# Croatia



## Nora+Neil (May 1, 2005)

Has anyone travelled to Croatia? Route from Cherbourg? What was the campsites like and were they plentiful? Was there any area to stay away from? How long would it take to get there? Loads of questions.


----------



## Anonymous (Nov 10, 2000)

I have to admire you and others who have or are going to these places particulary when unrest is only recent. I wouldn't have the balls to do it.


----------



## further (May 9, 2005)

We drove to croatia 2 years ago,it took us 3 days to get there in a 5 series BMW.
we used hotels on the way there but once there you will find lots of campsites in the north, once you get to Croatia you will find the going slow as the roads are quite narrow and winding.
we both love croatia and have been many times before and since the conflict.
hope this helps!
if you need more info just ask
Chris


----------



## Motorhomersimpson (May 9, 2005)

Hi Nora,

I’m sure I remember one of our member’s….Bognormike, has travelled Croatia.

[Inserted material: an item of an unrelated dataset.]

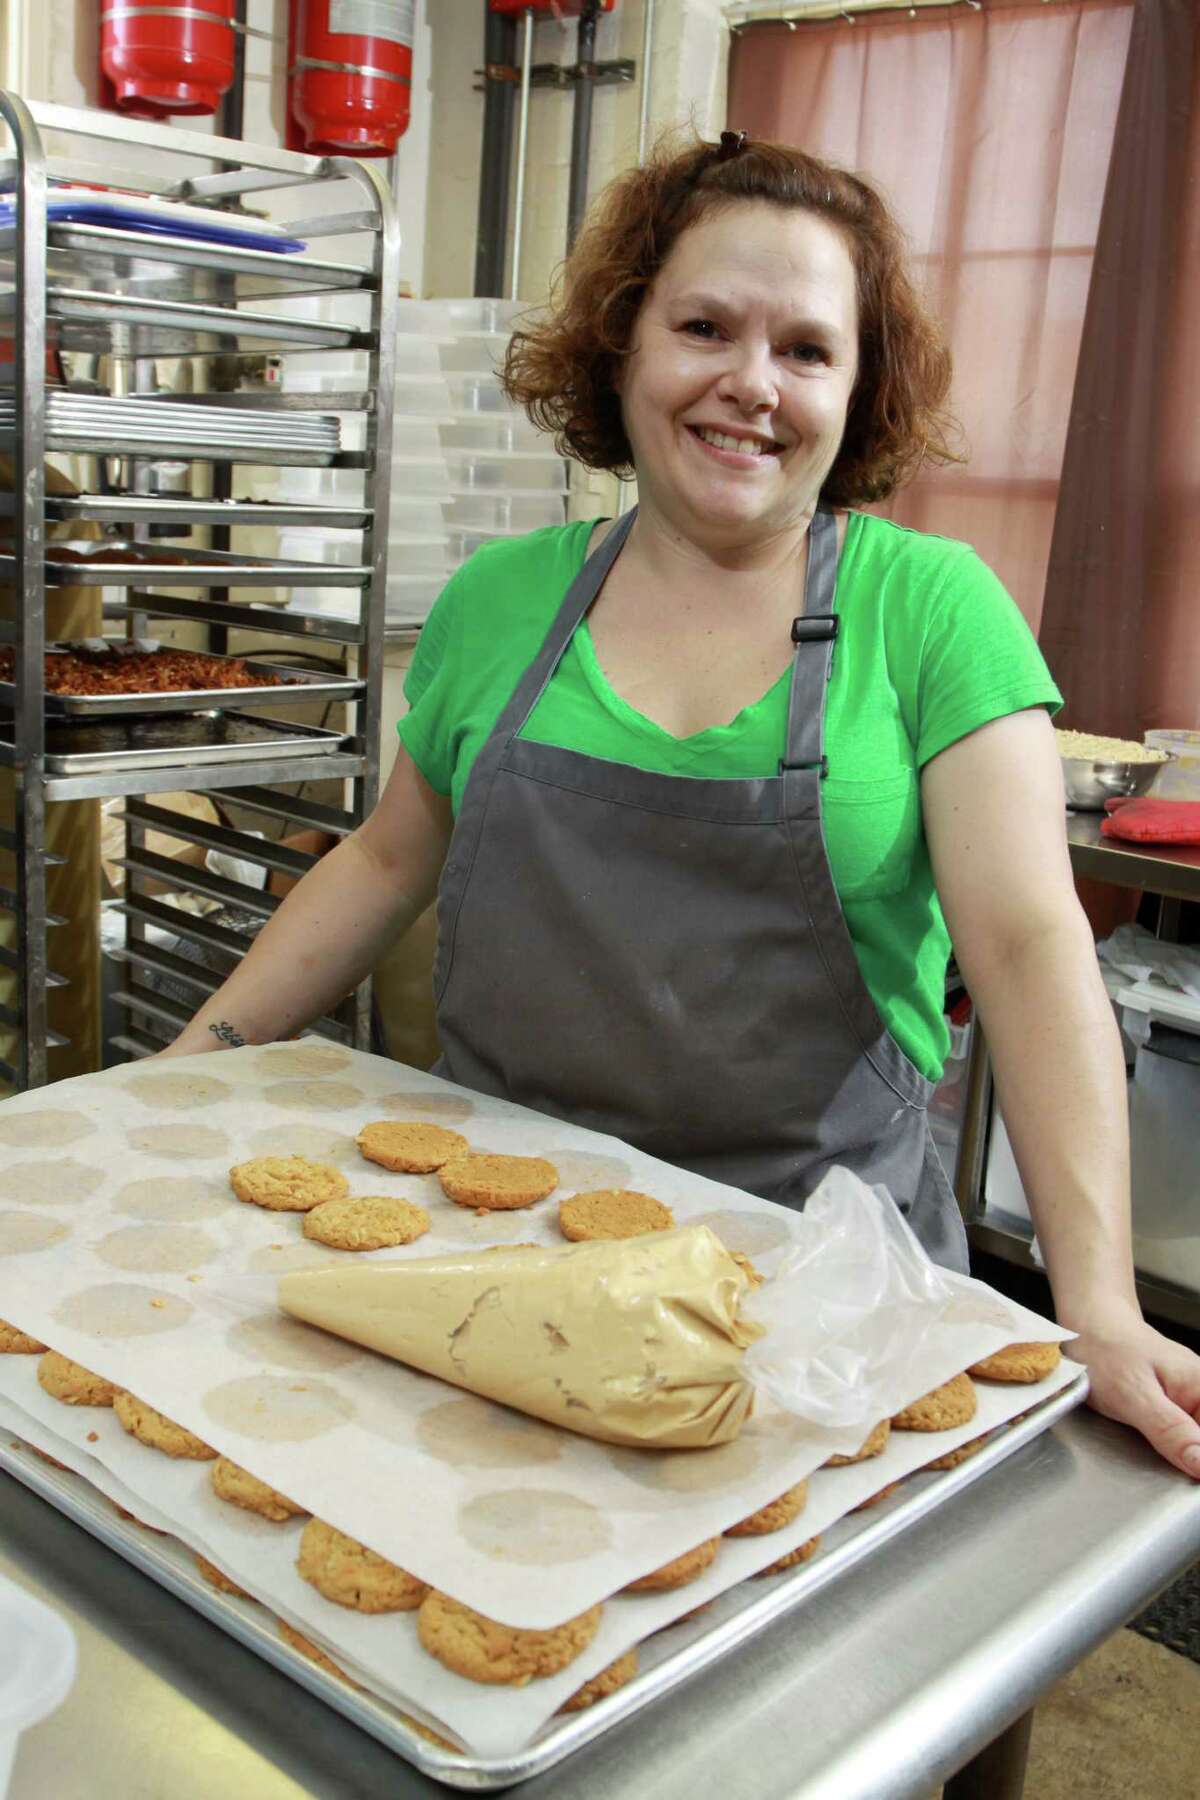 Pastry chef/owner Rebecca Masson raised $53,000 in a Kickstarter campaign to fund the opening of her bakery, Fluff Bake Bar.
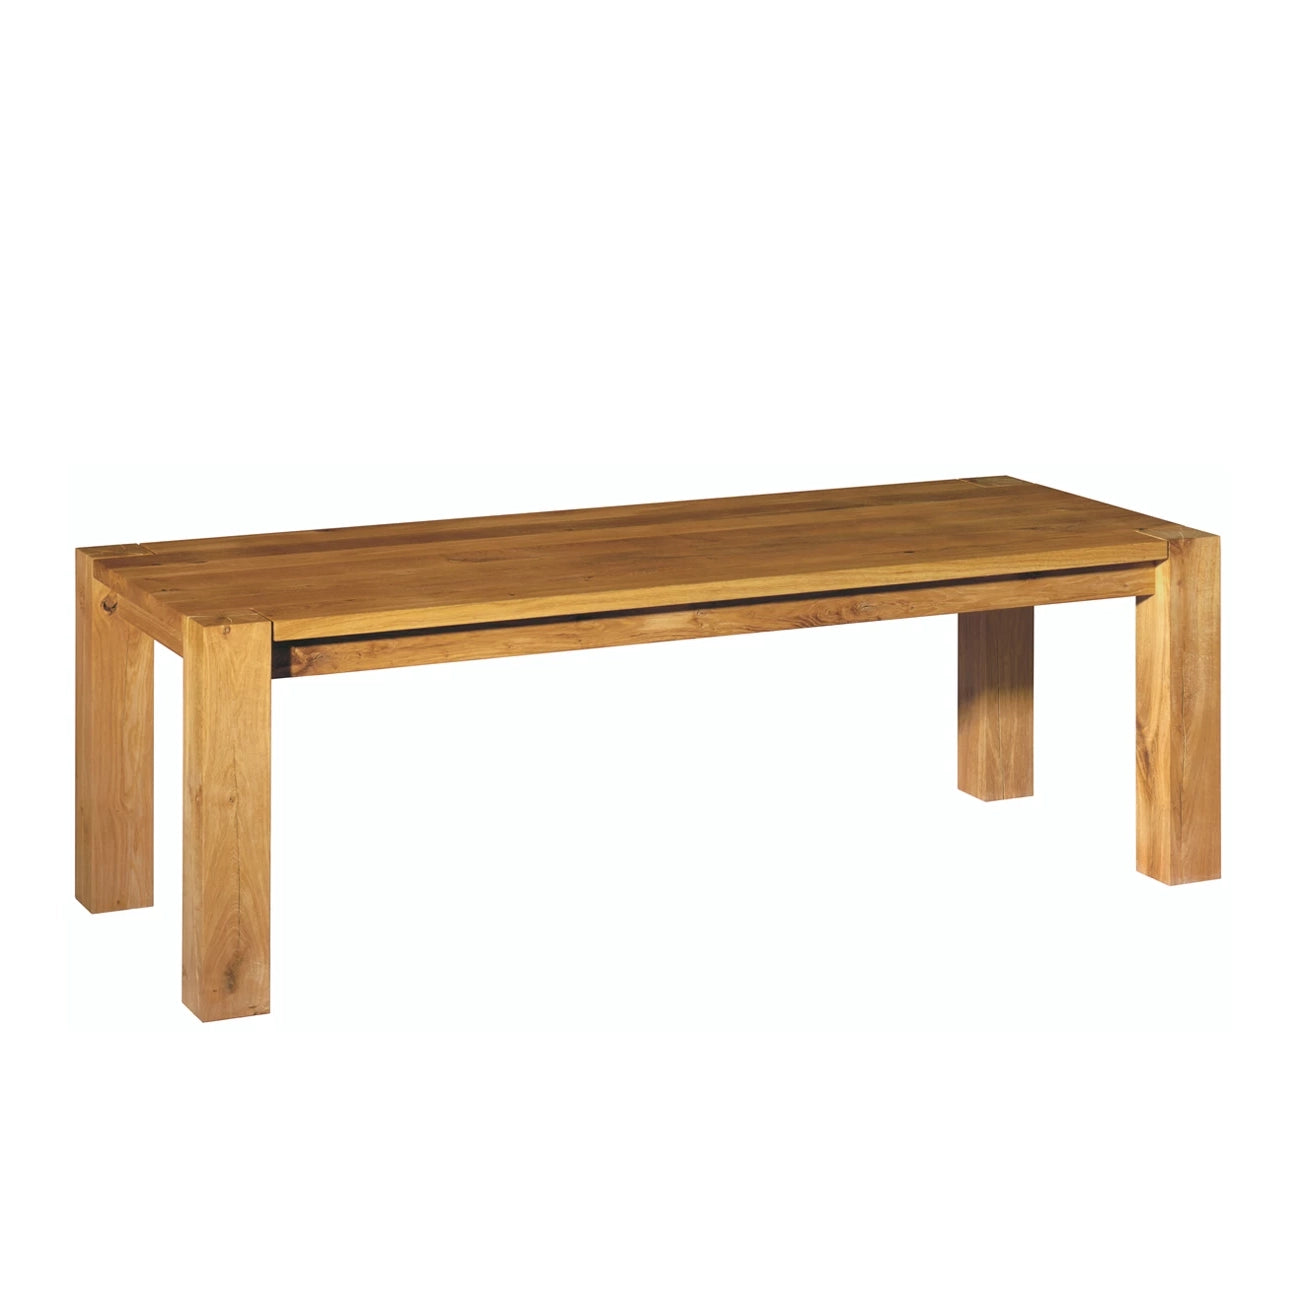 PONTE  Table Solid wood office desk / table By e15

He may be away at the moment or busy, send a pm to him; he’ll have the info you require.

Beautiful country Croatia from what I’ve heard and the people are very friendly, hope you enjoy it.


Homer…..Rob


----------



## 92622 (May 1, 2005)

Hi Nora.

We have motored to Croatia on a number of occasions, really enjoyed all our visits. 
There are plenty of really good campsites, (a number of which are naturist.... signposted fkk), predominantly populated by German tourists. 
However the English are always made most welcome by the locals, who are lovely people, bonded to the Brits by events of 50+ yrs ago.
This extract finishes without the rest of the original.